As causas desse processo estão relacionadas às “práticas agropecuárias e antrópicas adotadas para o uso dos recursos naturais, especialmente da Caatinga, que levam à exaustão dos solos e, finalmente, da vida humana”.
Essas áreas mais degradadas geralmente apresentam solos com baixo teor de fósforo e nitrogênio. Além disso, o desmatamento acelera a mineralização do que resta de matéria orgânica contribuindo com o déficit hídrico.
O Ministério do Meio Ambiente identificou nos municípios de Seridó, (RN/PB), Cariris Velhos (PB), Inhamuns (CE), Gilbués (PI), Sertão Central (PE) e Sertão do São Francisco (BA) os chamados “Núcleos de Desertificação no Semiárido Brasileiro”.

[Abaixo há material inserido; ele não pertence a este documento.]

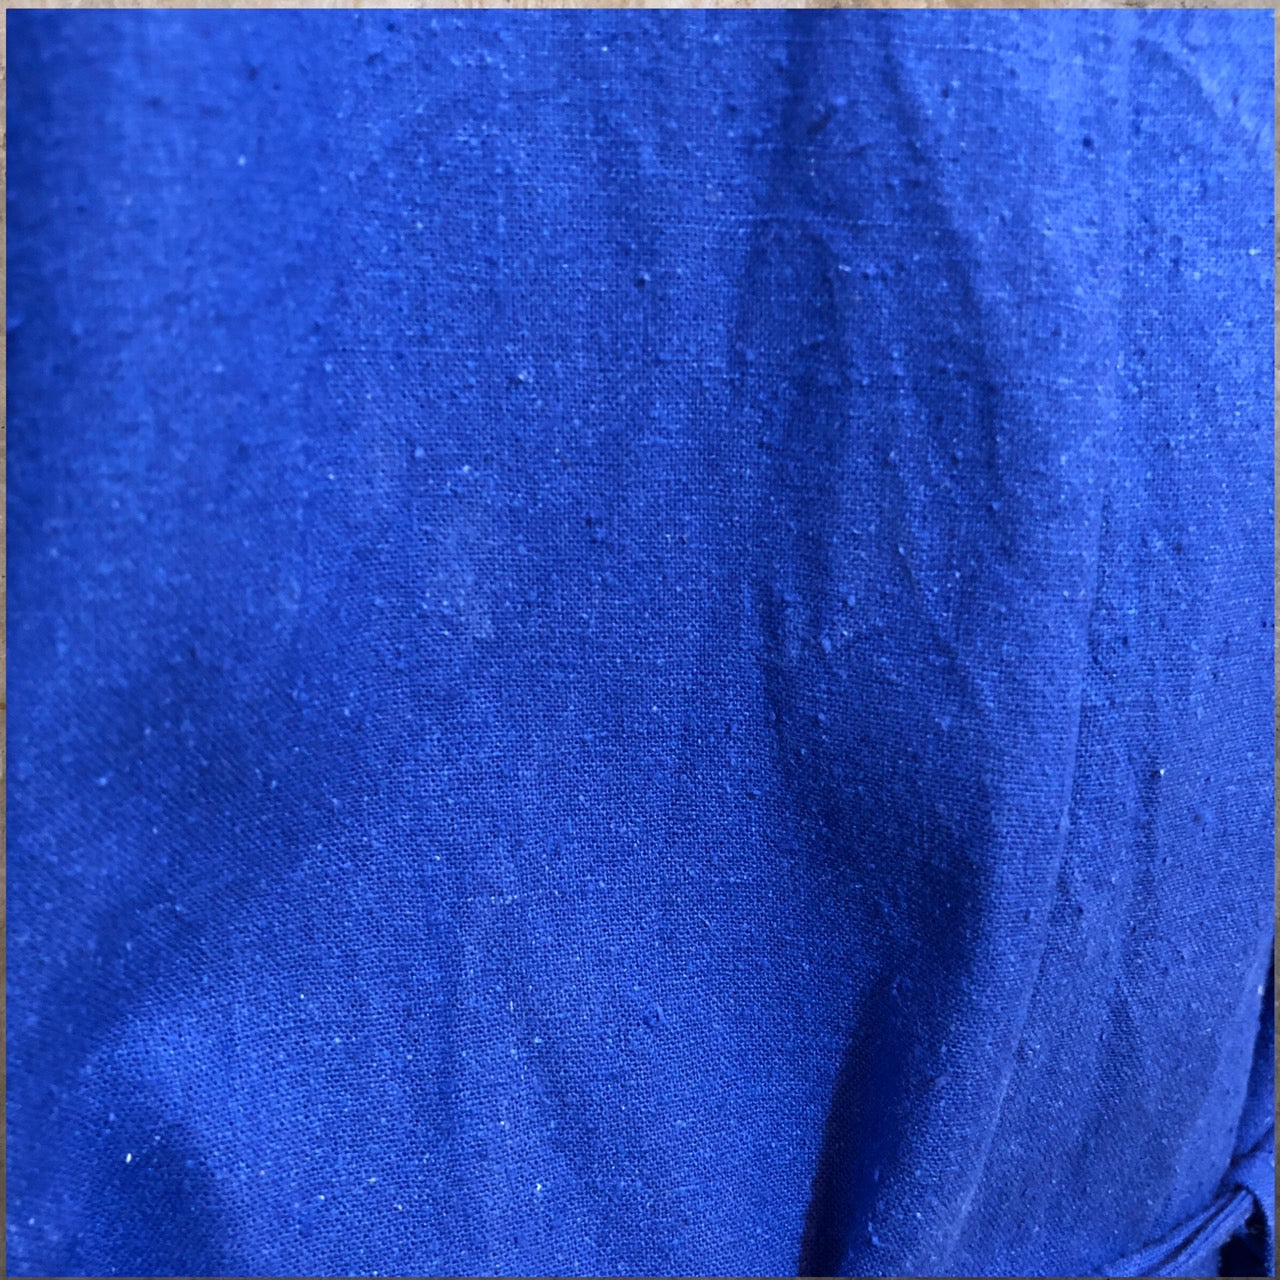 BASERANGE(ベースレンジ) HONDA DRESS RAW SILK/ピリング加工シルクワンピース S(M~Lサイズ程度) ブルー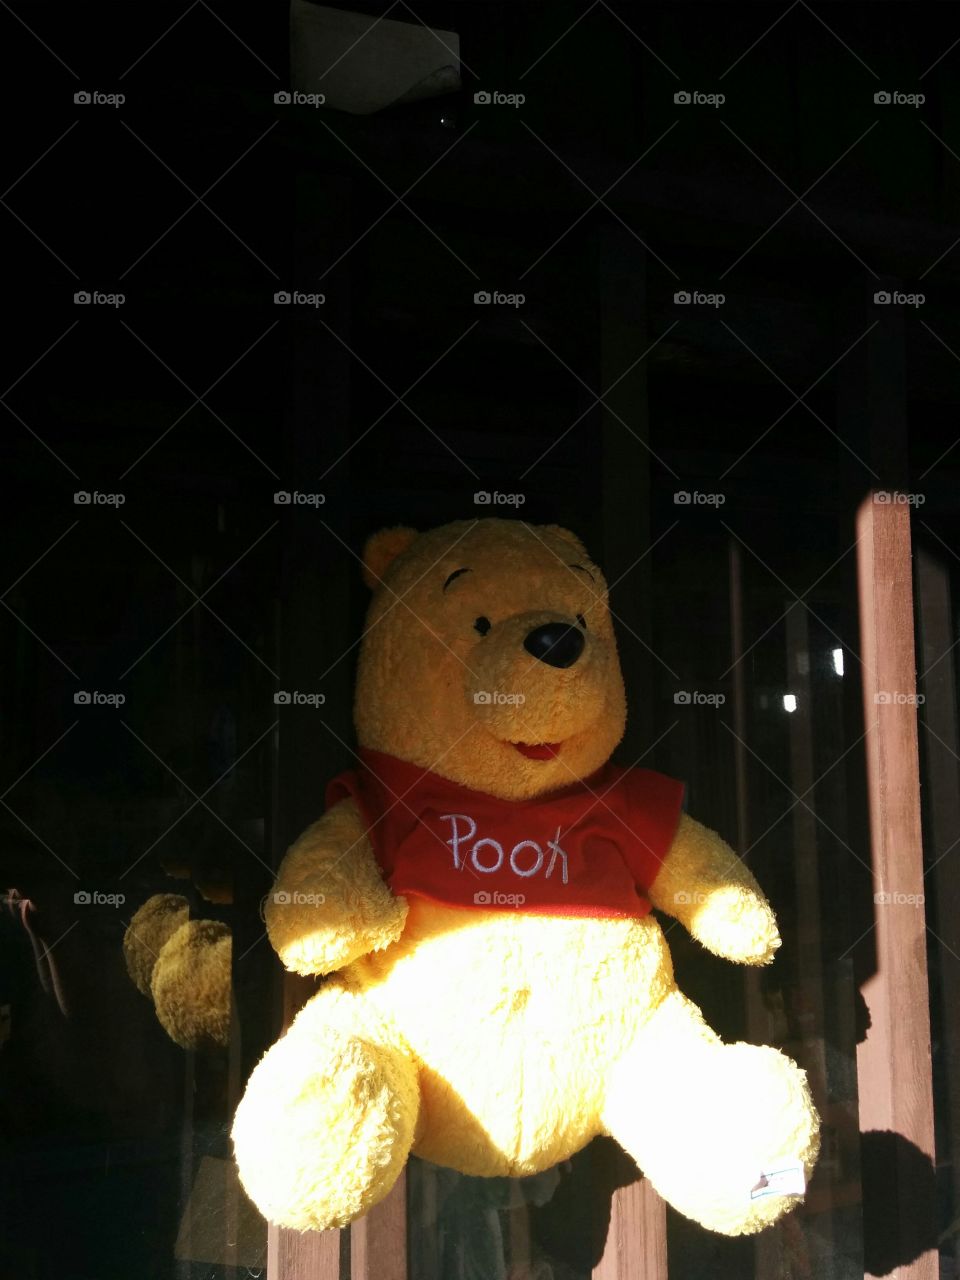 Pooh in Japan

Esses espaços se caracterizam pela ausência de práticas adequadas na interação entre ações produtivas e os recursos naturais disponíveis em um ambiente marcado por um equilíbrio ecológico frágil. “Em geral, esses núcleos são áreas com grandes manchas desnudas, presença ou não de cobertura vegetal rasteira e sinais claros de erosão do solo”.
As consequências da desertificação não ficam restritas à localidade onde acontece o fenômeno, elas se apresentam nos âmbitos regional, nacional e global. Esses impactos estão são o empobrecimento da população local e declínio da qualidade ambiental nesses ambientes, provocando processos migratórios intra-regionais, perda de biodiversidade, perda de território produtivo do país e na elevação do risco social. Também há os aspectos negativos referentes ao clima do planeta, com a elevação da temperatura, interferências em processos biogeoquímicos, particularmente, na ciclagem da água e do carbono.
Existem tecnologias sociais que auxiliem no combate à desertificação?
Sim, existem tecnologias sociais. Ao redor do mundo muitas famílias agricultoras experimentadoras em transição agroecológica, vêm respondendo às condições climáticas cambiantes, demonstrando inovação e resiliência frente às mudanças climáticas e desertificação. É o que se vê, por exemplo, na agricultura familiar agroecológica no Semiárido brasileiro, que vem promovendo processos de intensificação da produção baseados na valorização dos recursos locais, no emprego de tecnologias e práticas de manejo que diversificam os sistemas produtivos com atividades que se complementam e permitem a formação de estoques de riquezas (água, forragem, alimentos e sementes) e uma maior circulação de nutrientes dentro do agroecossistema, estratégias estas interligados com uma forte articulação social, organização e momentos sinérgicos de comunicação entre os diversos sujeitos com interesses em jogo nas comunidades ou territórios.
Estas observações foram sistematizadas por meio da pesquisa-articulação-ação, denominado Projeto ASA-INSA, que resgatou e mapeou sistemas agrícolas familiares camponeses em zonas áridas e semiáridas. A pesquisa mostrou que a adaptação às mudanças climáticas e desertificação nos agroecossistemas da região semiárida, passaram de um conceito a um fato, como consequência do conjunto de transformações estruturais, agroecológicas, sociais em combinação com o fortalecimento de mecanismos de reciprocidade comunitária, originados pela implementação de políticas públicas contextualizadas de convivência com a semiaridez adotadas.
A integração de Políticas Públicas ambientais, territoriais, patrimoniais e urbanísticas, é fundamental para que as ações possam se dar de forma concatenada, ao invés da dispersão de esforços verificadas em diversas áreas. Por último, destaco que um desafio chave, para a comunidade científica é definir marcos conceituais e metodológicos para decifrar os princípios e mecanismos chaves que explicam a resiliência dos sistemas diversificados, de tal forma que estes possam ser transmitidos a outras famílias camponesas e os formuladores de políticas públicas possam responder de maneira oportuna e eficaz.